>>>

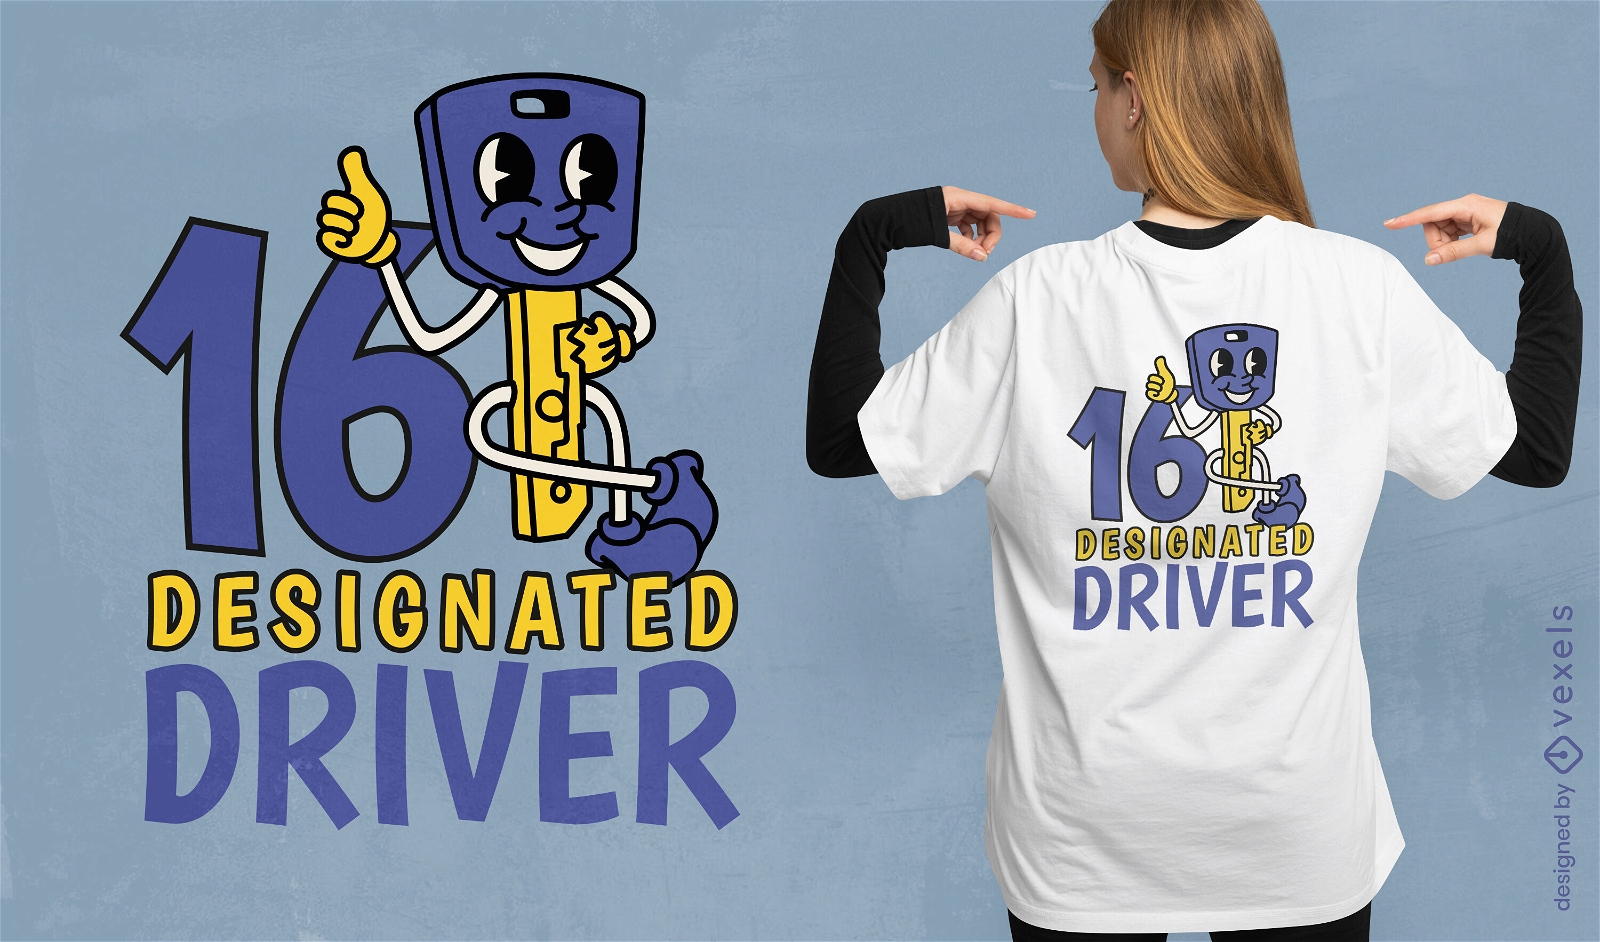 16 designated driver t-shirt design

<<<
>>>

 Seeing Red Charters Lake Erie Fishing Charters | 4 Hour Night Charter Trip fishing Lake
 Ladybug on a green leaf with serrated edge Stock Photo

<<<

Wherever the line holding "Seeing Red Charters" falls in the entries above, copy exactly from it through the line holding "Ladybug on a", inclusive, and add nothing.

Exercise result:
 Seeing Red Charters Lake Erie Fishing Charters | 4 Hour Night Charter Trip fishing Lake
 Ladybug on a green leaf with serrated edge Stock Photo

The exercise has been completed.